The accusatory instrument alleging driving while intoxicated in violation of Vehicle and Traffic Law § 1192 (3) is facially sufficient. The information alleged that defendant committed the offense in a “parking lot” at a specified location. Vehicle and Traffic Law § 1192 (3) does not set forth the locations where driving while intoxicated is prohibited. Vehicle and Traffic Law § 1192 (7) applies the sanction, inter alia, to parking lots, with exclusions for small lots and those on private property otherwise occupied by a one- or two-family residence (see also Vehicle and Traffic Law § 1100 [a]; McLaurin v Ryder Truck Rental, 123 AD2d 671, 673 [1986]; People v Murphy, 169 Misc 2d 357, 359 [App Term, 9th & 10th Jud Dists 1996]). An allegation that the offense occurred in a “parking lot” suffices to allege that the offense occurred in a place in which the intoxicated operation of a motor vehicle is subject to the penal sanction. Although the relevant definitions of a parking lot explicitly exclude certain classes of locations, the exclusions involved herein need not be pleaded.

“Legislative intent to create an exception has generally been found when the language of exclusion is contained entirely within a Penal Law provision .... [However, where t]he exclusionary language . . . does not provide a complete definition of the class of cases that the Legislature intended to remove from the ambit of [the offense] . . . the [exclusion] operates as a proviso that the accused may raise in defense of the charge rather than an exception that must be pleaded by the People in the accusatory instrument” (People v Santana, 7 NY3d 234, 237 [2006]; see e.g.

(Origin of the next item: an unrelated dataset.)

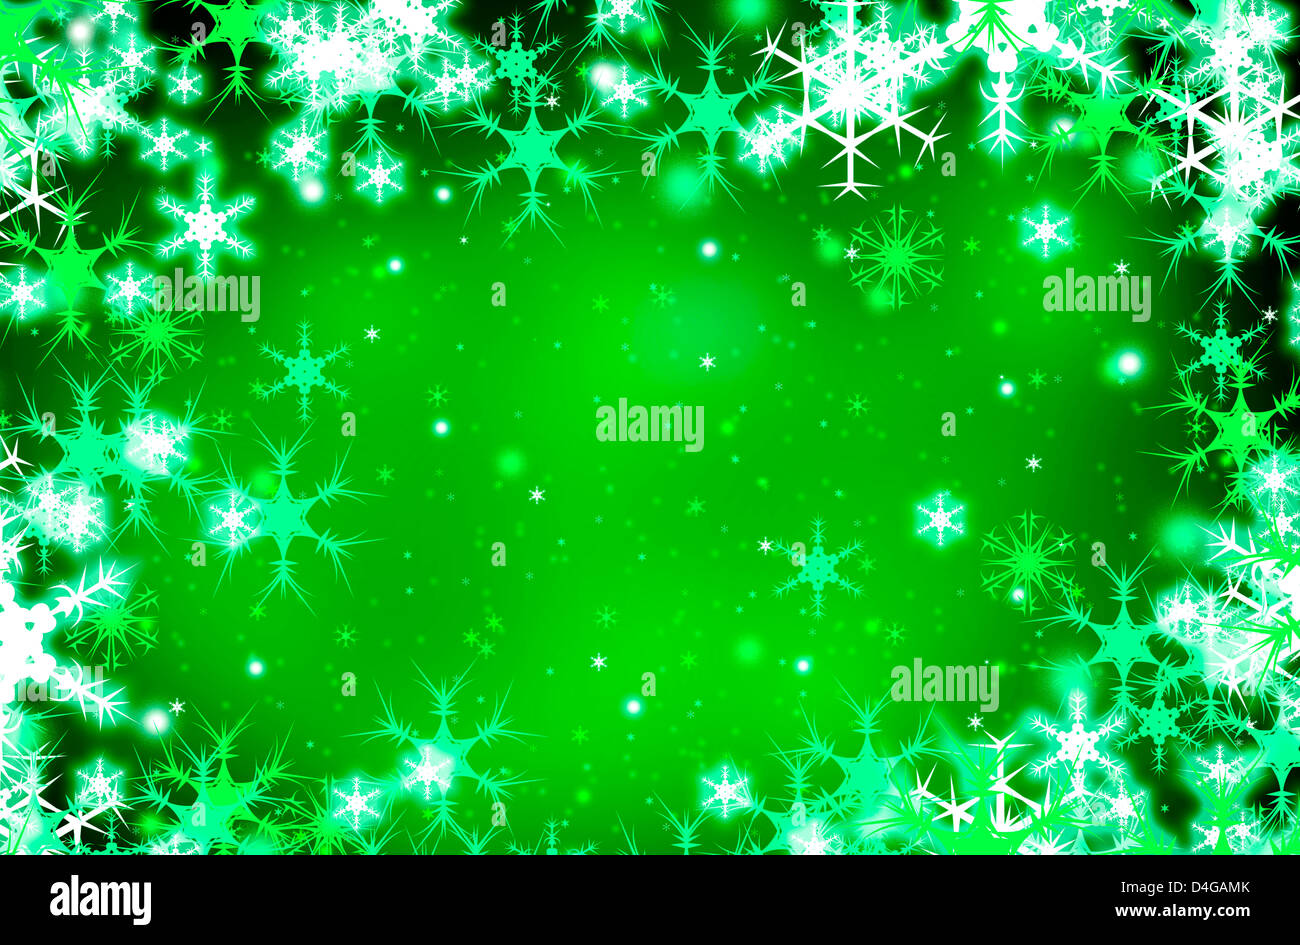 Green Christmas background textured with flakes of snow Stock Photo

People v Williams, *1966 NY2d 659 [1985]).

Here, the exclusions for certain types of parking lots are not part of the provision defining the offense, i.e., Vehicle and Traffic Law § 1192 (3), and thus are merely provisos that need not be pleaded. Given the specificity with which the instrument alleged the location of the offense’s commission, defendant was placed on ample notice of the time, place and manner in which the offense was committed.

We find defendant’s remaining contentions unpreserved or without merit.

Rudolph, EJ., Tanenbaum and Molía, JJ., concur.